# I propose a monthly contest!!



## Moby76065 (Jul 31, 2012)

Many of us have cast iron dutch ovens.
They were (and are) the utility of choice for campfire cooking which we all know is a skill set for many an emergency.

This weekend some friends of mine & I are meeting up and the contest is baking a loaf of bread from scratch in a dutch oven. We are allowing charcoal but as we develop this skill will switch to fire-pit coals only.

What to you folks think about a monthly event? Post pictures and recipes in the "cast Iron Cooking thread maybe. Or this thread.

I'll let you know how my first loaf turns out.

Moby


----------



## Moby76065 (Jul 31, 2012)

*My choice for this weekends bread contest*

http://www.alaskafromscratch.com/2012/07/27/dutch-oven-crusty-bread/


----------



## MCNSemperFi (Mar 25, 2014)

Moby76065 said:


> Many of us have cast iron dutch ovens.
> They were (and are) the utility of choice for campfire cooking which we all know is a skill set for many an emergency.
> 
> This weekend some friends of mine & I are meeting up and the contest is baking a loaf of bread from scratch in a dutch oven.
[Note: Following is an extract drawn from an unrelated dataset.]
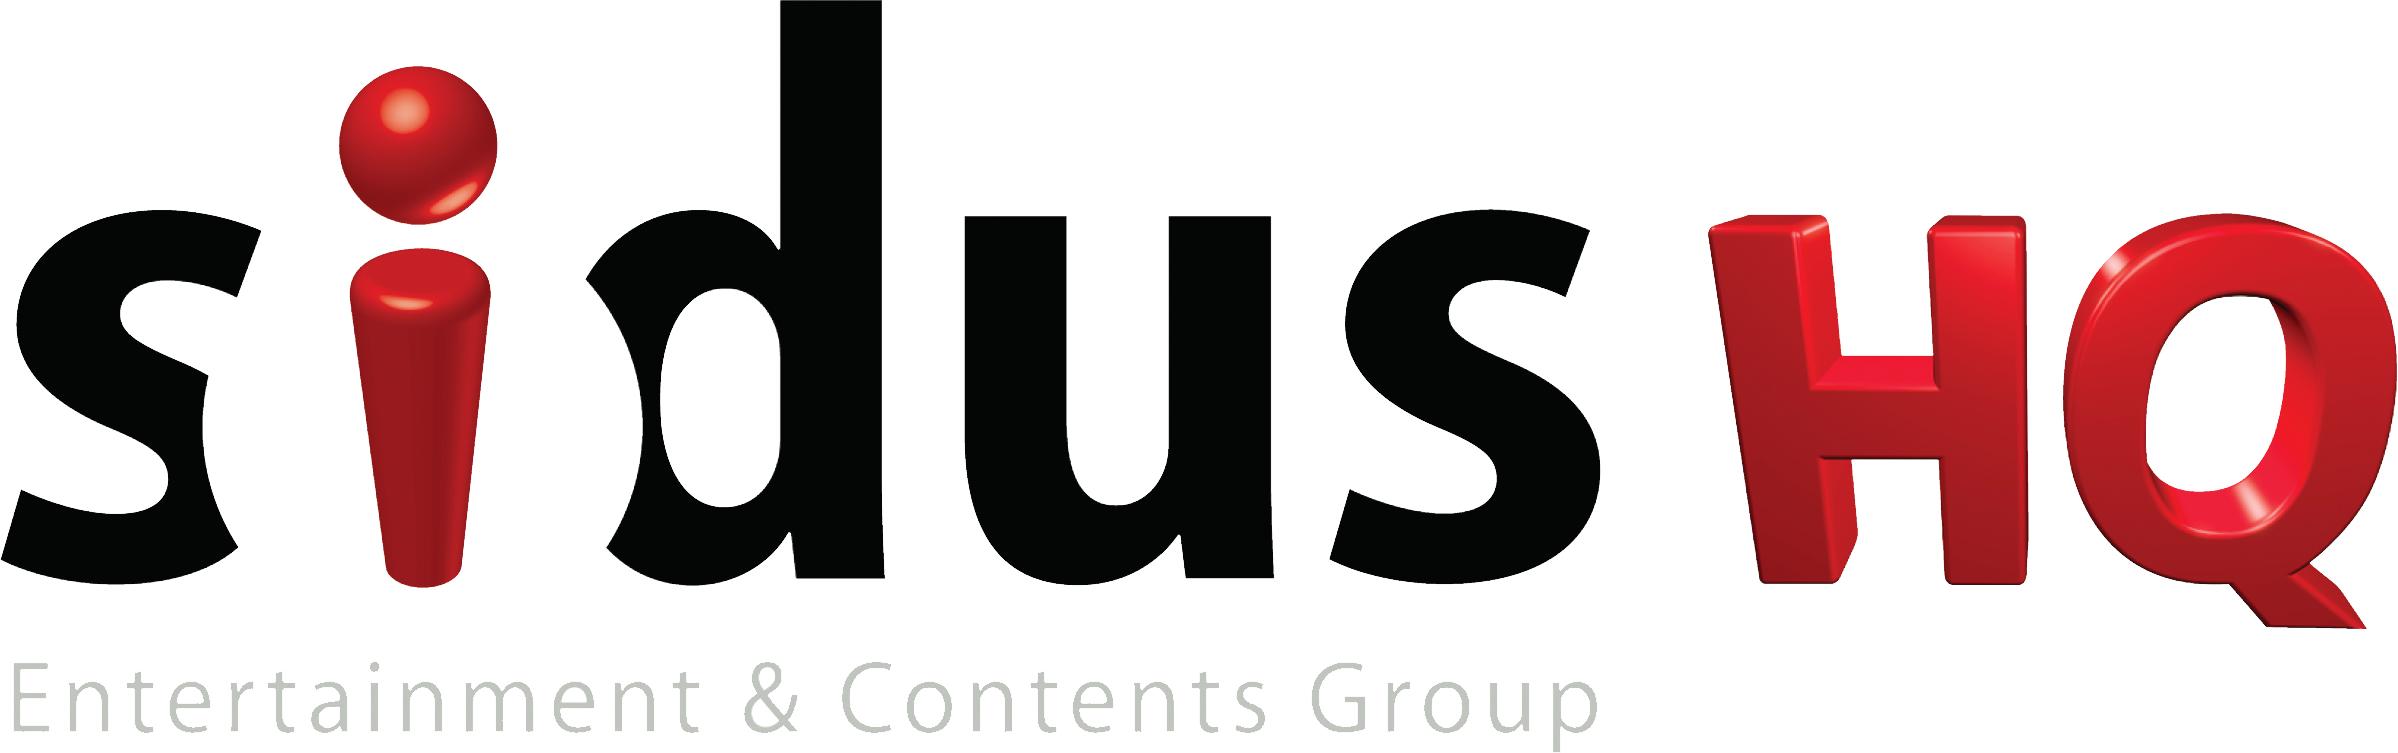 sidushq_logo.jpg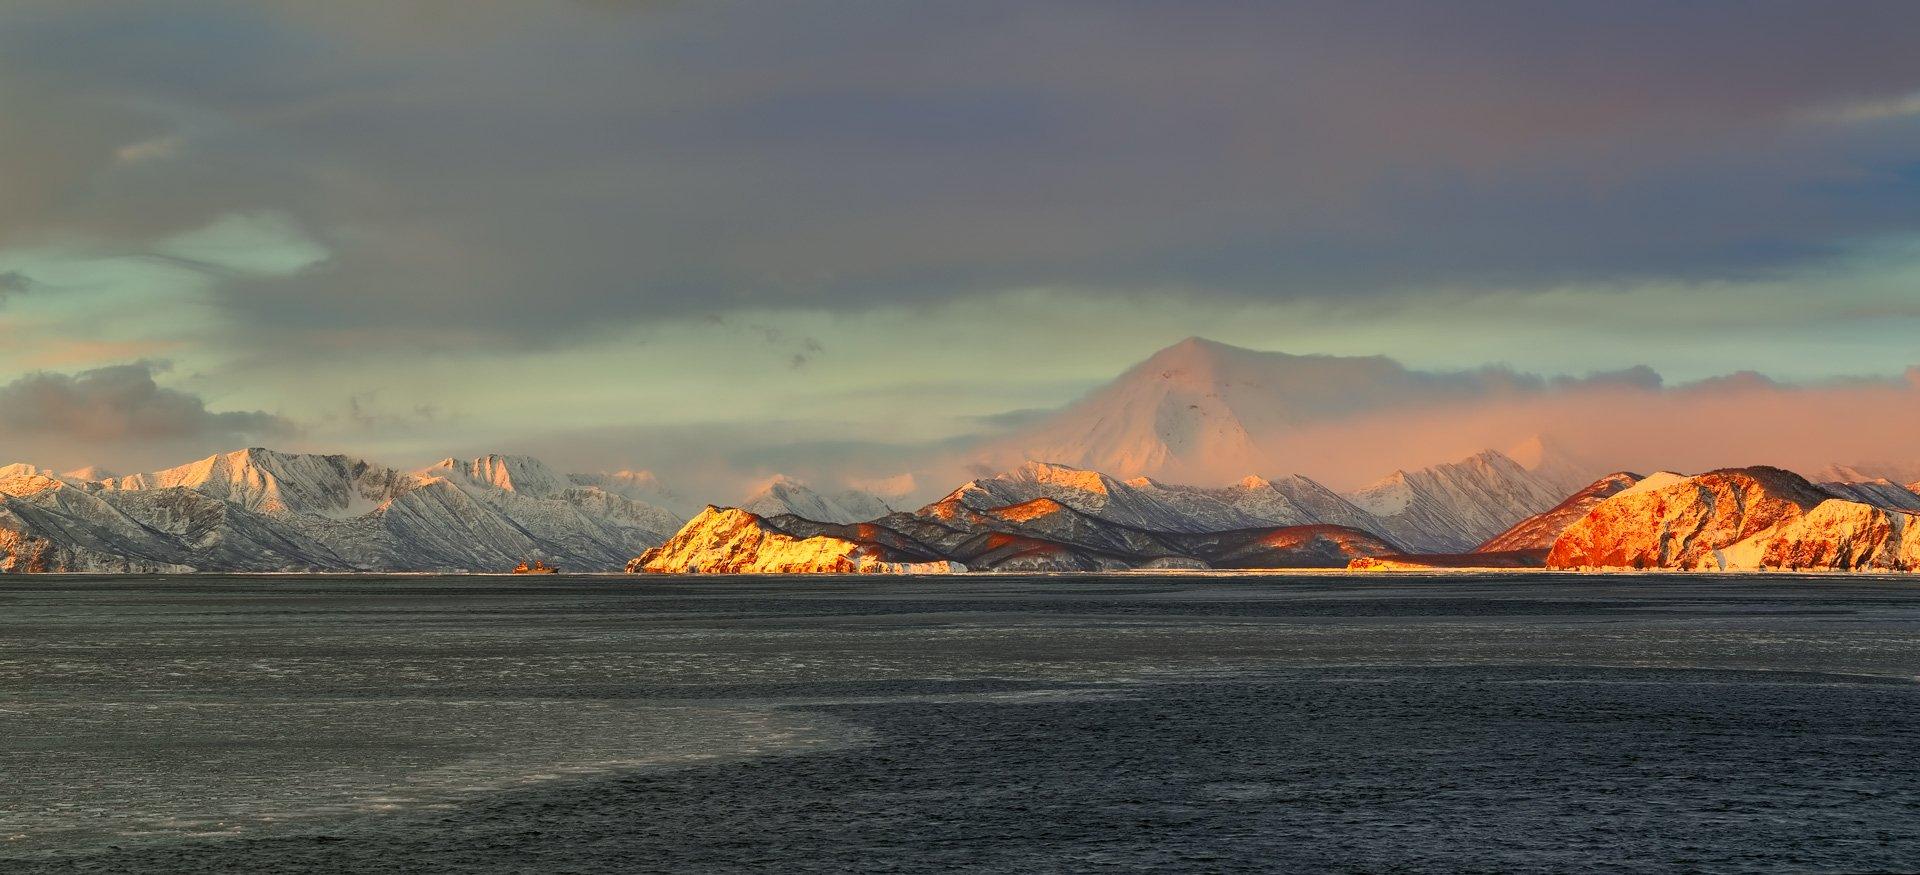 берег, вечер, зима, камчатка, рейд, судно, утро, циклон, Евгений Паршуков

We are allowing charcoal but as we develop this skill will switch to fire-pit coals only.
> ...


Good luck on your first loaf!

I cook in my cast iron almost exclusively, but I don't have a Dutch Oven - yet. It's on my wish list.


----------



## Davarm (Oct 22, 2011)

Moby, send me an email when you have the next cook-off.


----------



## HillbillyGirl (May 5, 2011)

How did it go? 

If you haven't already, check out the book, "Artisan Bread in Five Minutes a Day," it's has a wealth of knowledge and great for the beginner and beyond bread baker.

I taught myself how to cook/bake in a DO using hot coals and over an open fire. It wasn't until I started reading DO cookbooks that I first read about using charcoal. I still find it difficult to use charcoal.

I'd be interested in a monthly CI/DO event.


----------